◆ WORK TASK:
Without changing a word, repeat the data, and include no pictures.

◆ COLLECTED DATA:
▶
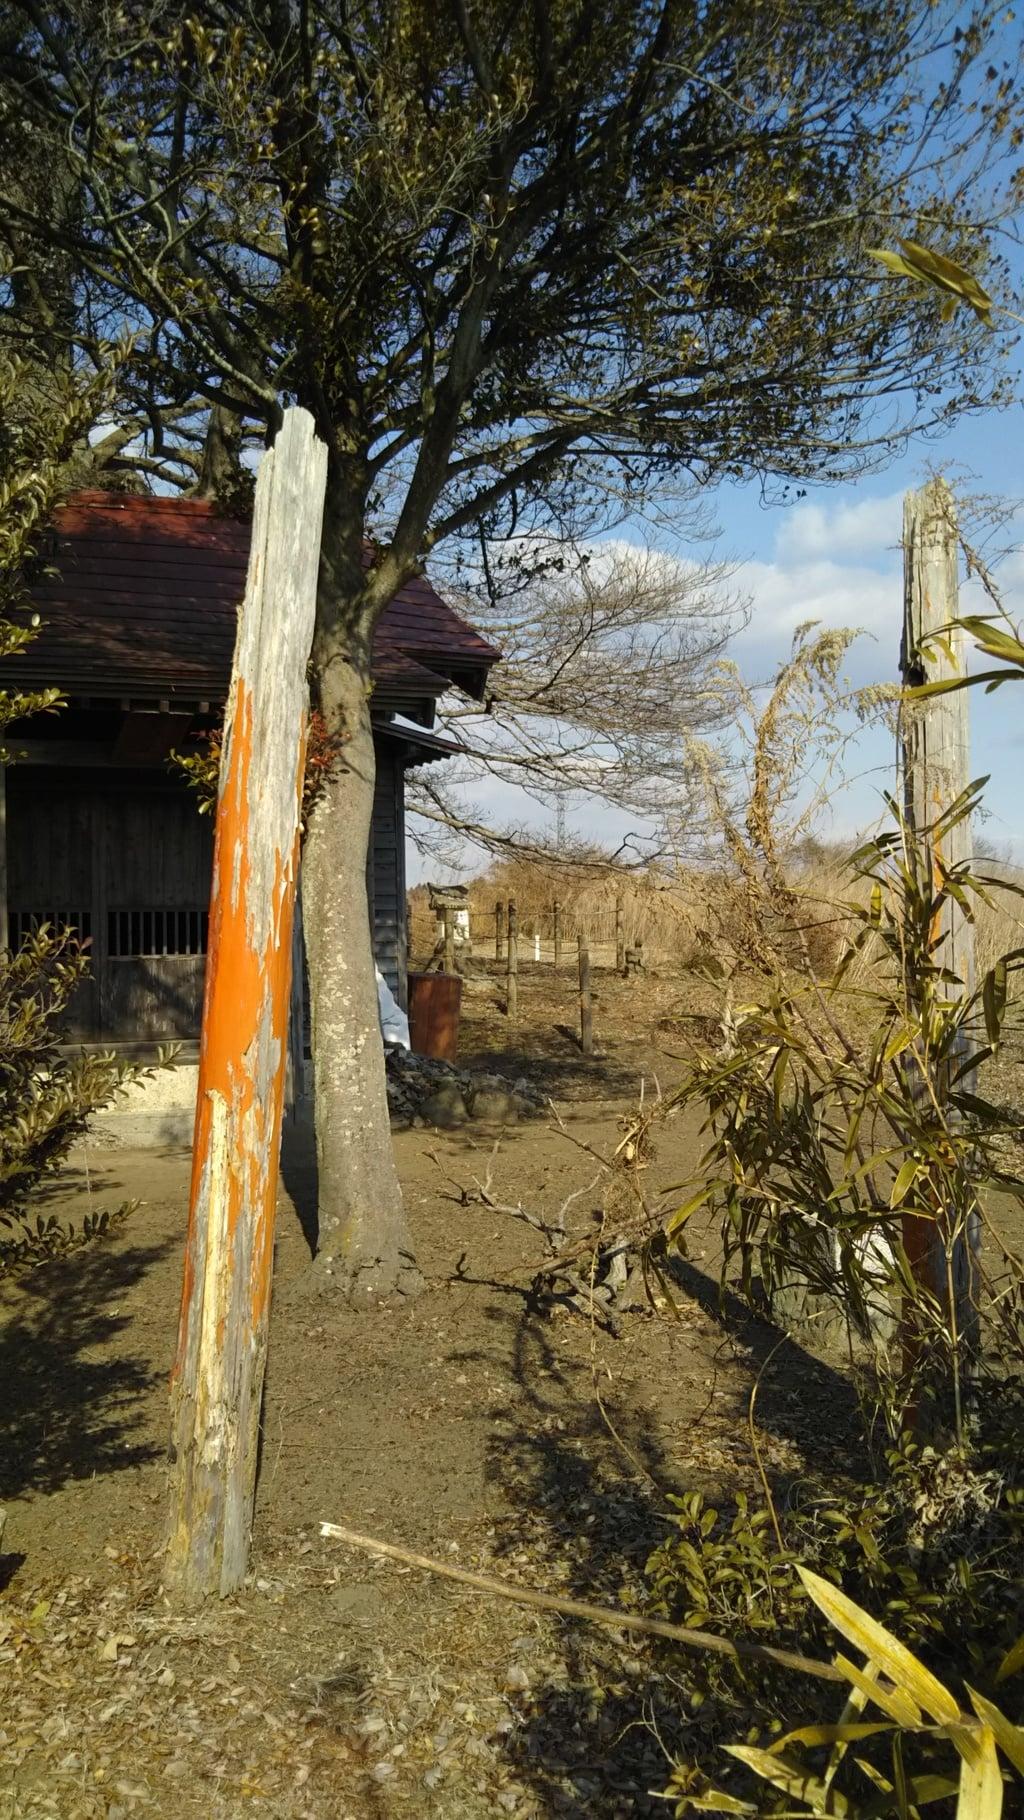 桂木稲荷神社の鳥居
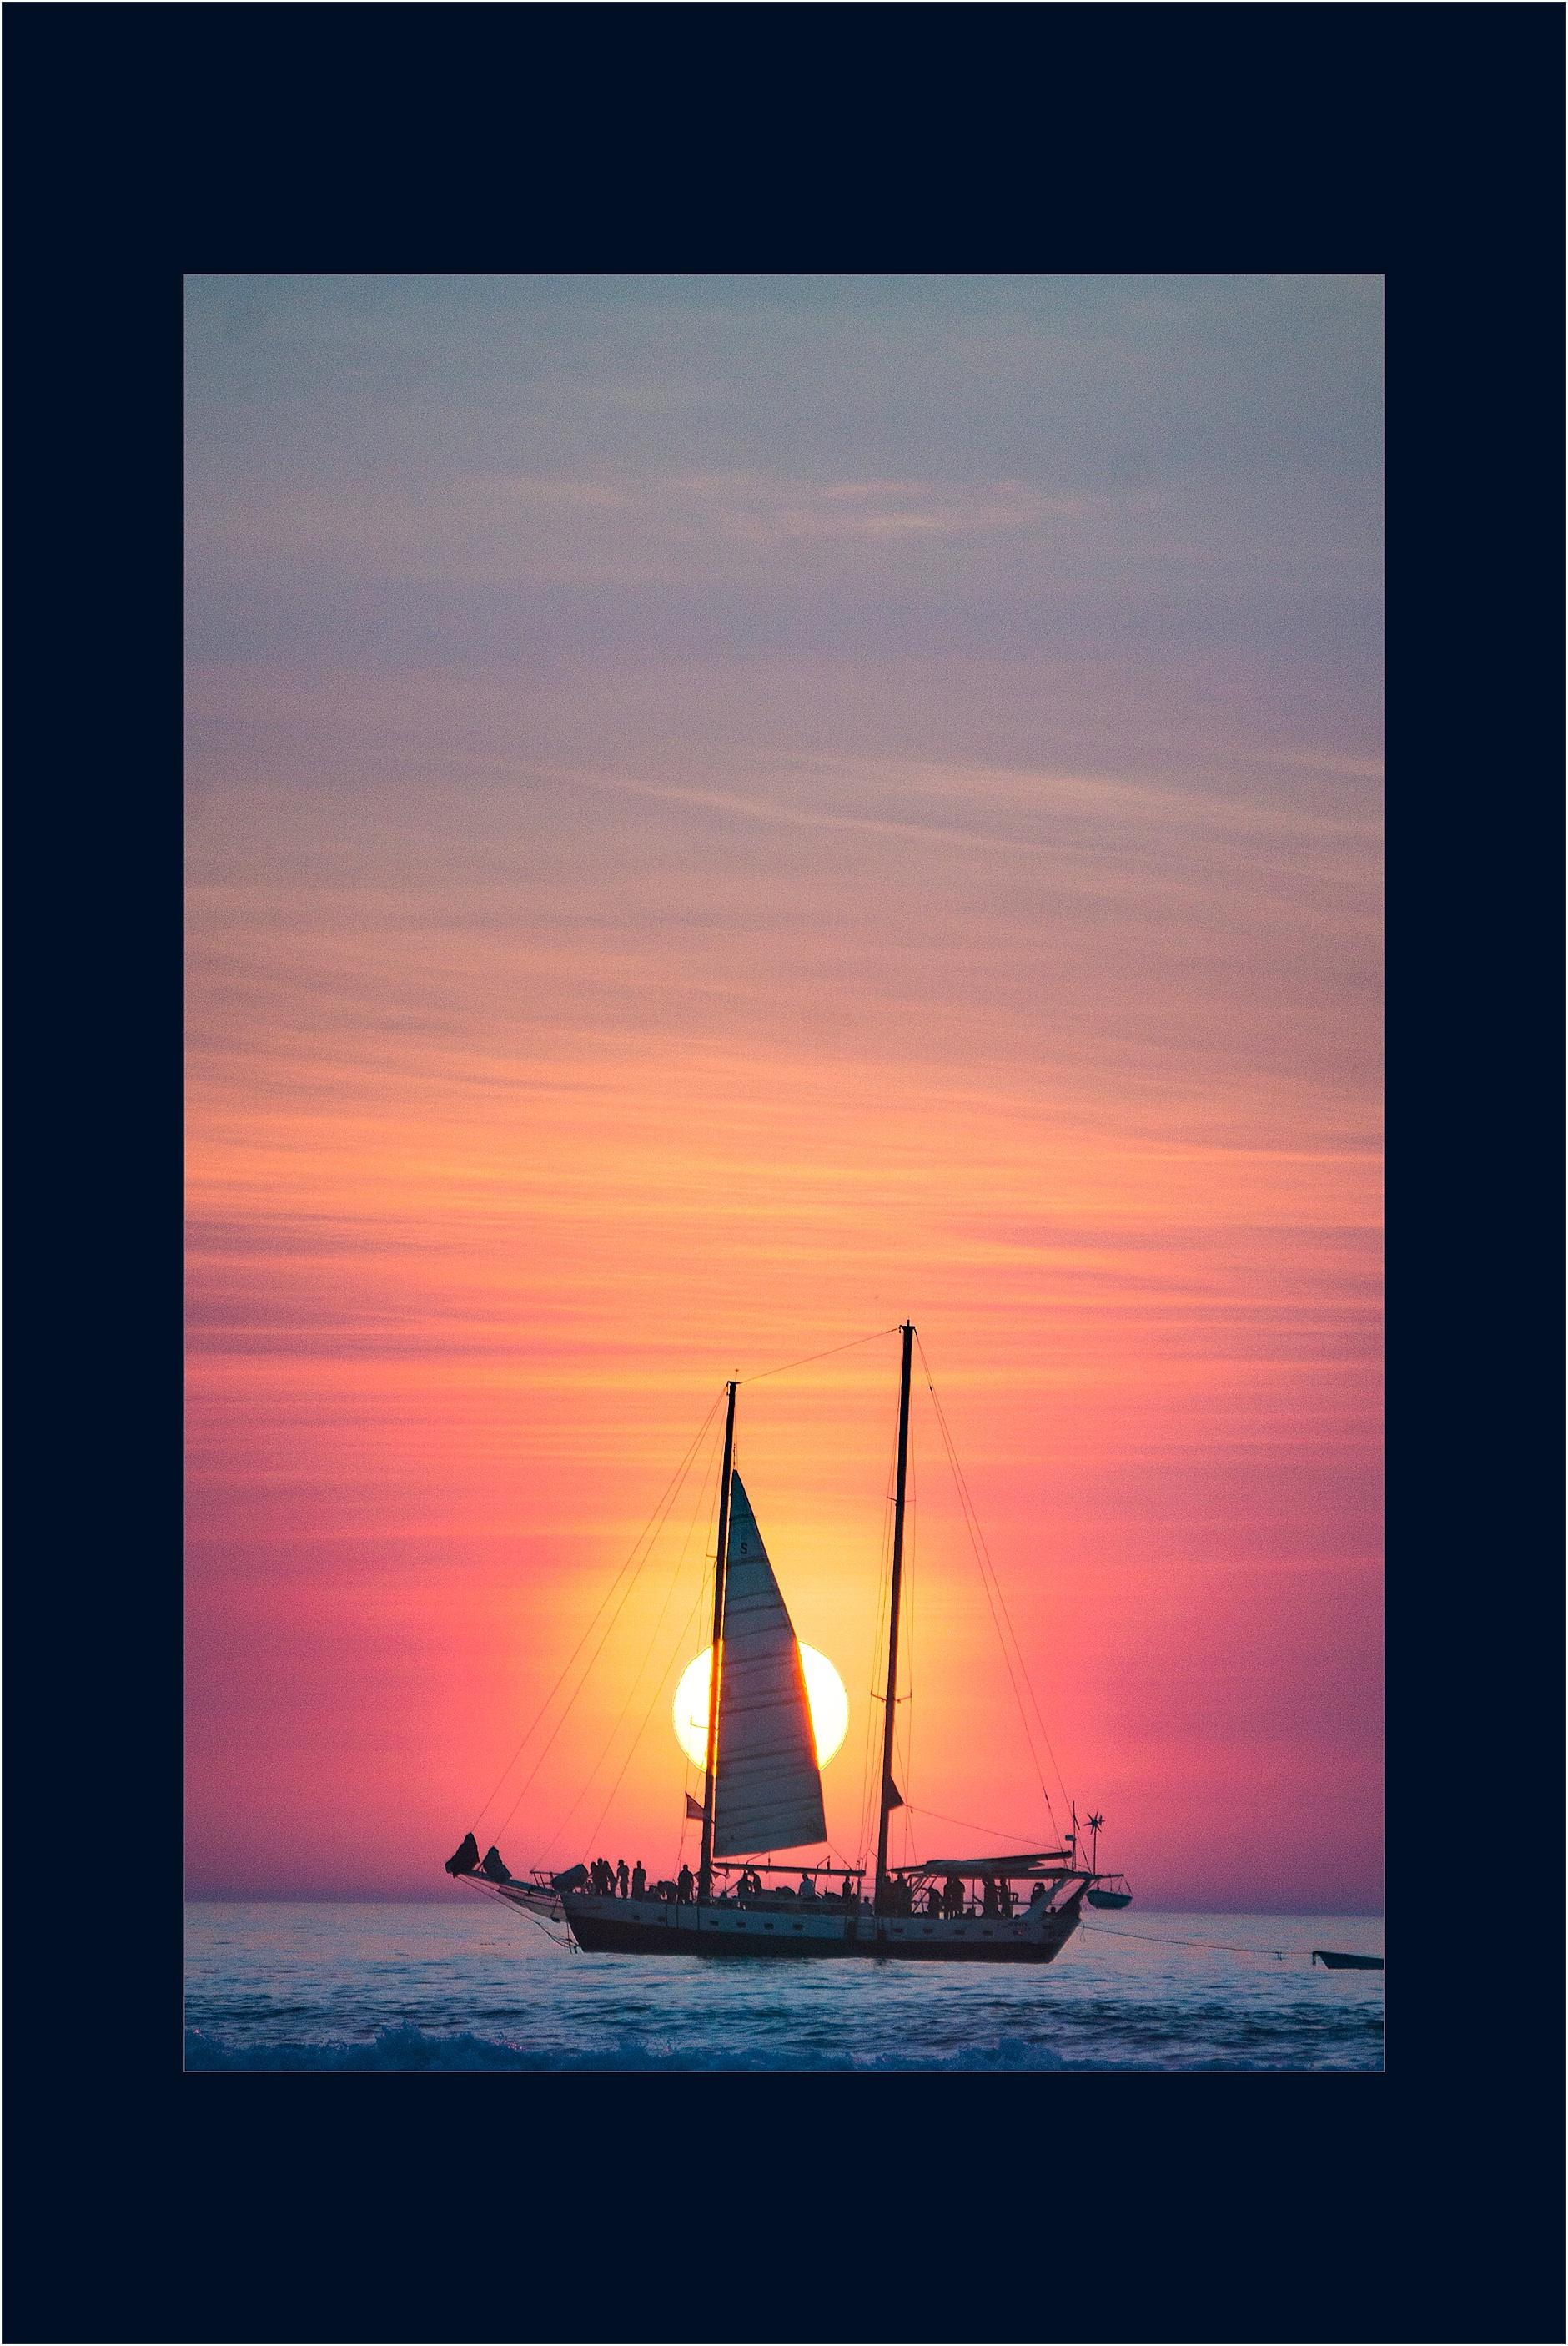 Award Winning Photographers, Destination Wedding Photographers - Sailor's Delight
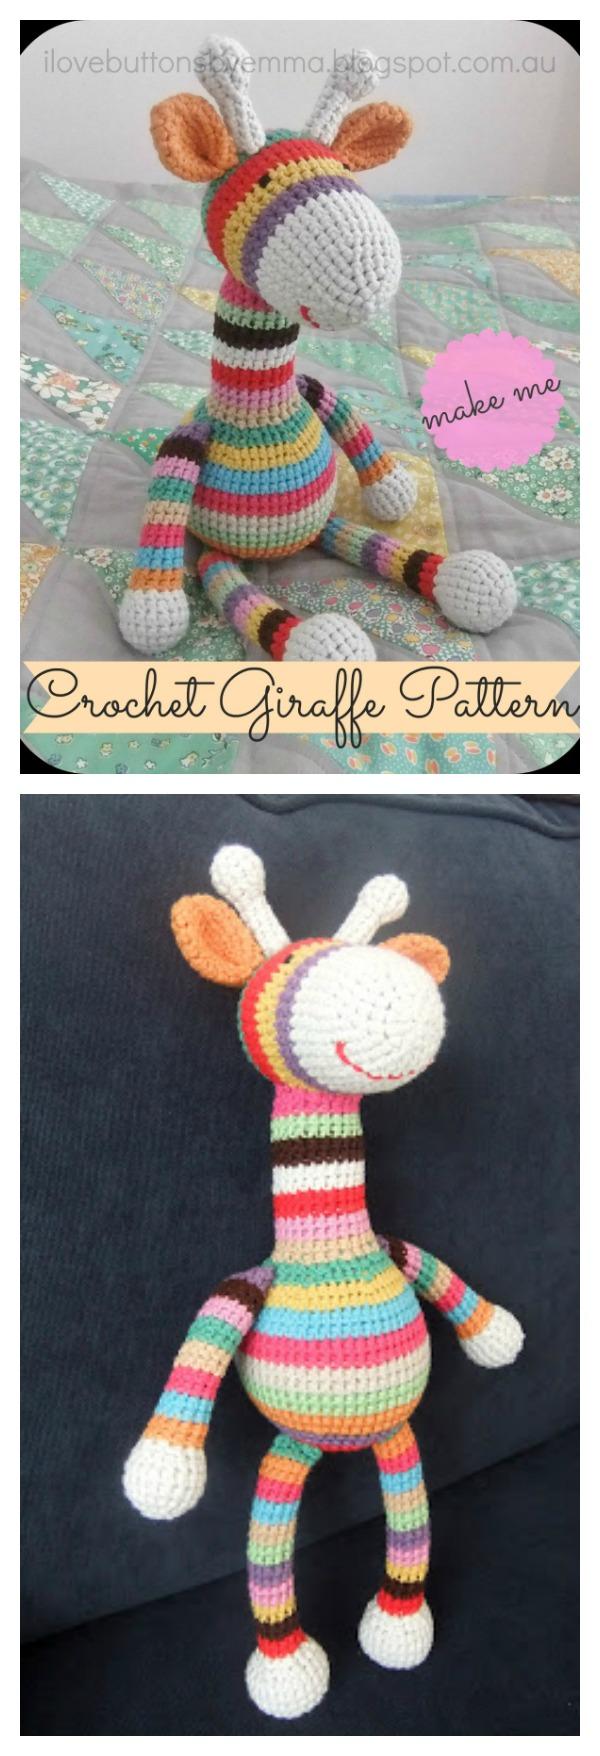 Adorable Crochet Hearty Giraffe Amigurumi Free Pattern
◀
◆ EXERCISE RESULT:
 桂木稲荷神社の鳥居
 Award Winning Photographers, Destination Wedding Photographers - Sailor's Delight
 Adorable Crochet Hearty Giraffe Amigurumi Free Pattern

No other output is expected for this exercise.